If you have developed a plugin or are planning to develop a plugin I think you should consider the following situation.
When you are developing your plugin you usually need PHP classes, functions, global variables (hopefully not... it is 2014!), as well as CSS classes and identifiers, HTML name and id attributes or even JavaScript functions and variables. It is almost impossible to write a useful plugin that doesn't need at least one of them. And things usually work the way they should. Particularly, if you are using a clean (without any plugins) core in the development process.
As time goes by, you have your big-button CSS class, your nice-button id attribute, your PHP function in the qa-plugin.php file named userid_to_userhandle, your element JavaScript variable and your toggle JavaScript function. And, of course, everything works. So you release your plugin... not knowing it is a matter of time for things to stop working.
Things work until any other developer (or maybe yourself) write a different plugin that uses the big-button CSS class, the nice-button id attribute, etc. If 2 plugins use the same identifier and happen to be in the same scope then that only means things will break. So how can this issue be prevented?

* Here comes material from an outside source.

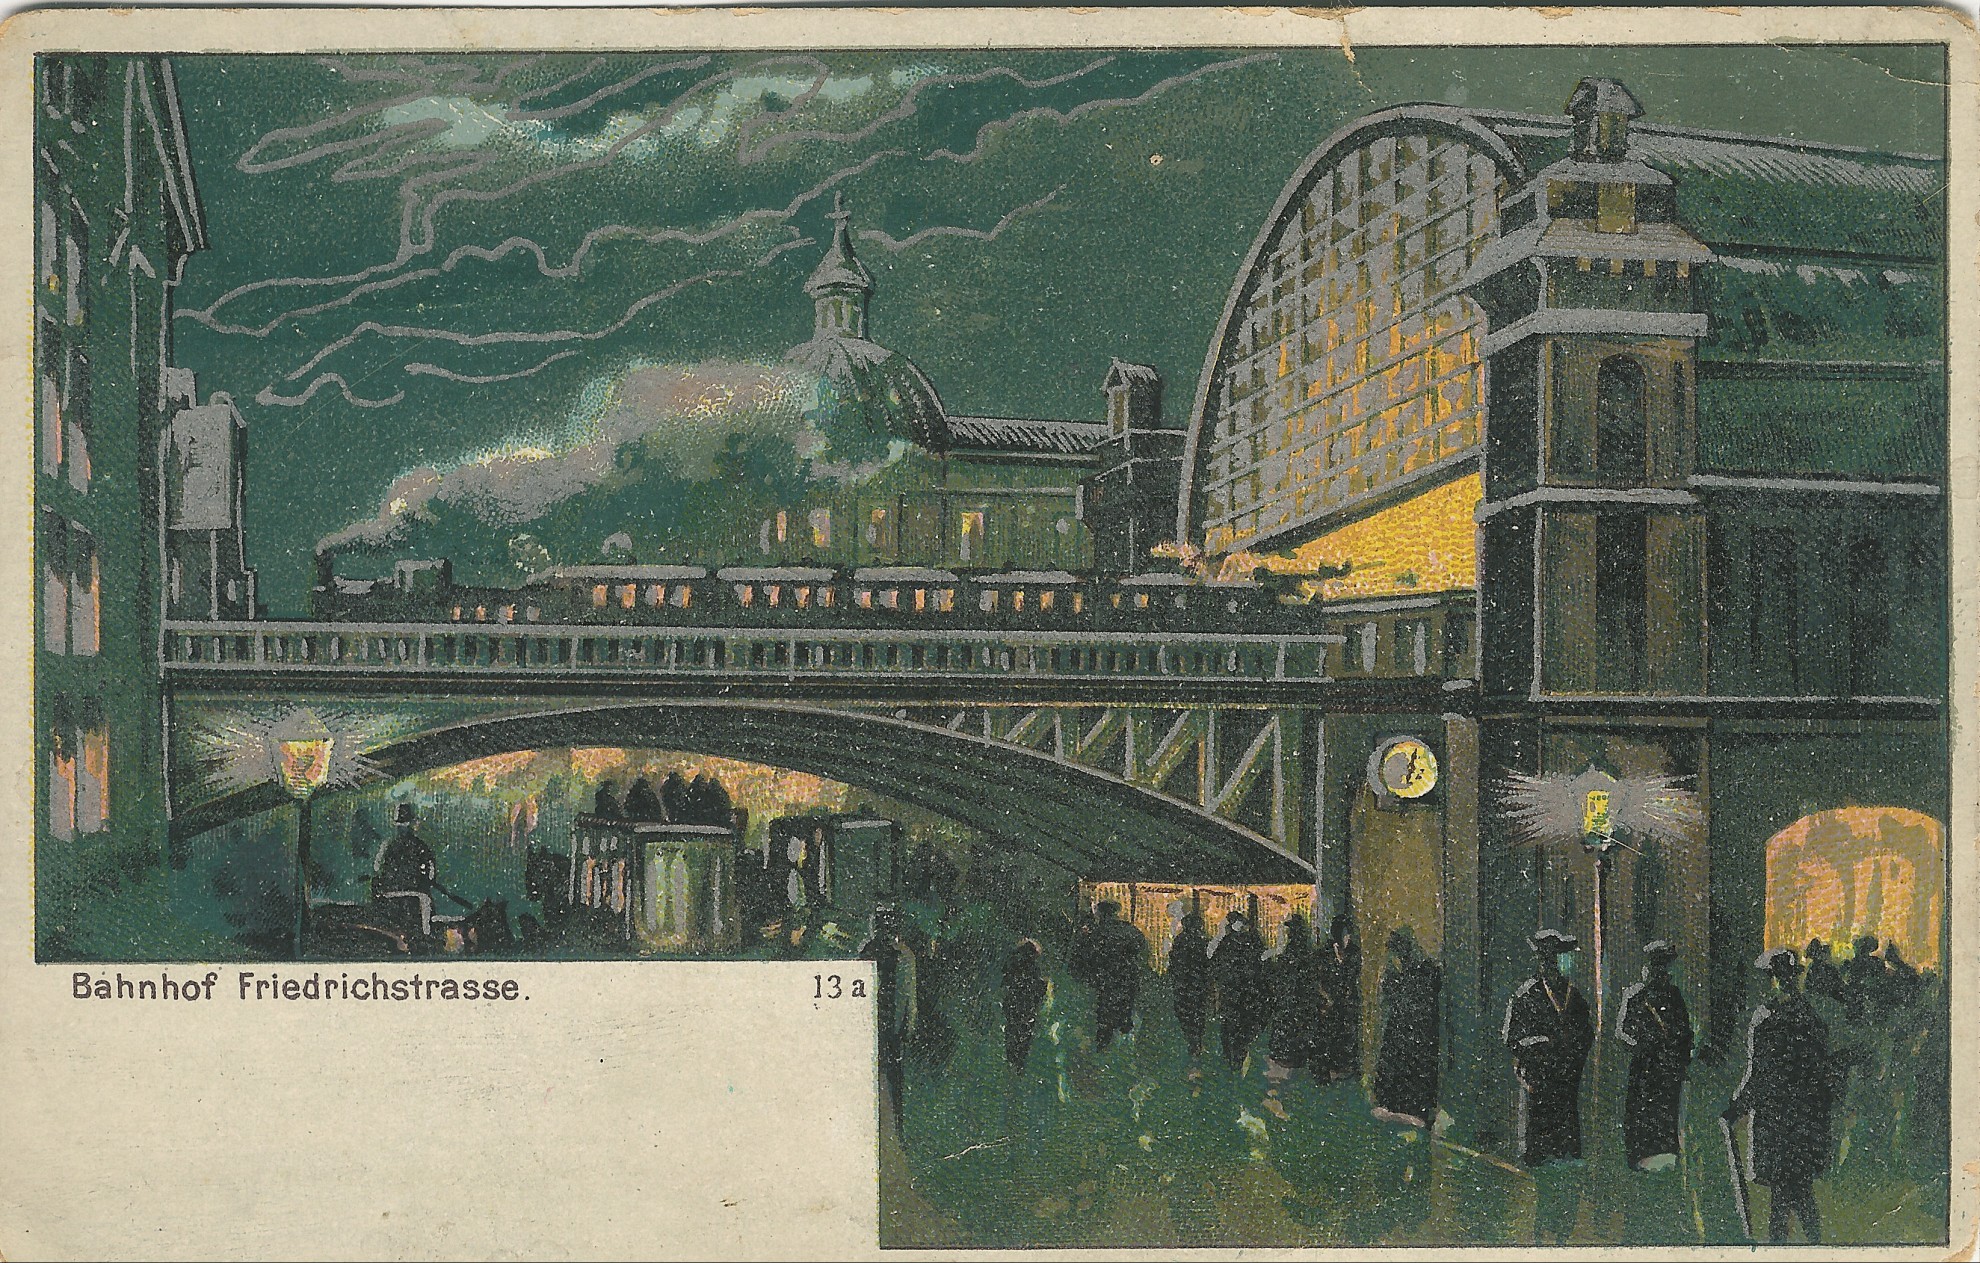 Right through the city – Friedrichstrasse around 1900

Without asking core developers to do magic in the core, we can solve this by just communicating and being proactive. This issue can be easily addressed by prefixing each element that is part of a shared scope with a string. In order for that string to work as PHP class names, PHP functions, PHP varaibles, CSS class names, CSS identifiers, HTML name attribute values, HTML id attribute values, JavaScript function names and JavaScript variable names they can all contain letters, numbers and underscores (_) but should all start with a letter. There are also other identifiers that can be added to the list such as the plugin folder name and the title of your plugin settings stored in the ^options table.
I thought on the following guideliness to be applied. Prefixes should:
- Be unique and not re-used between different plugins
- Be applied to all shared scope elements including, but not limited, to the aforementioned ones
- Be at least 4 characters long
- Not use underscores
- Be separated from the rest of the element identifier by an underscore
- Be case-insensitive
This way these could be some valid names for elements prefixed with the myplugin prefix:
- PHP class: MYPLUGIN_User
- PHP function: myplugin_show_profile()
- CSS class: .myplugin_big_button
- CSS id: #myplugin_save_button
- HTML name attribute: myplugin_user_input
- HTML id attribute: myplugin_terms_agreed_checkbox
- JavaScript function: myplugin_toggleVisibility(e)
- JavaScript variable: myplugin_countryArray
- Table name: myplugin_countryArray
- Plugin folder (note it could only be the identifier itself): myplugin
- Title of element in ^options table: myplugin_enable_user_feature
An approach that is actually included in the previous guideliness is adding a developer prefix, so to speak. So you could have plugins with the prefix MyDevId and, on your own, avoid plugin duplication by adding the second level of identification with the plugin id MyPluginId. This would result in elements identified by MyDevId_MyPluginId_identifier.
I think getting to a certain degree of agreement is needed and, as time goes by, this is becoming more necessary. Please, let me know your thoughts on this.
Now, in order to be able to satisfy guideline #1 it is needed to let others know what plugin ids you have used. Even if you don't want to follow this convention at least refer to this list to know which plugin prefixes not to use if you want to make a fully compatible plugin.
Note that while writing this, I've decided to use the developer prefix approach in the future. I'm planning to use the prefix pupi.
If you like the idea, feel free to add yours in order to centralize future lookups.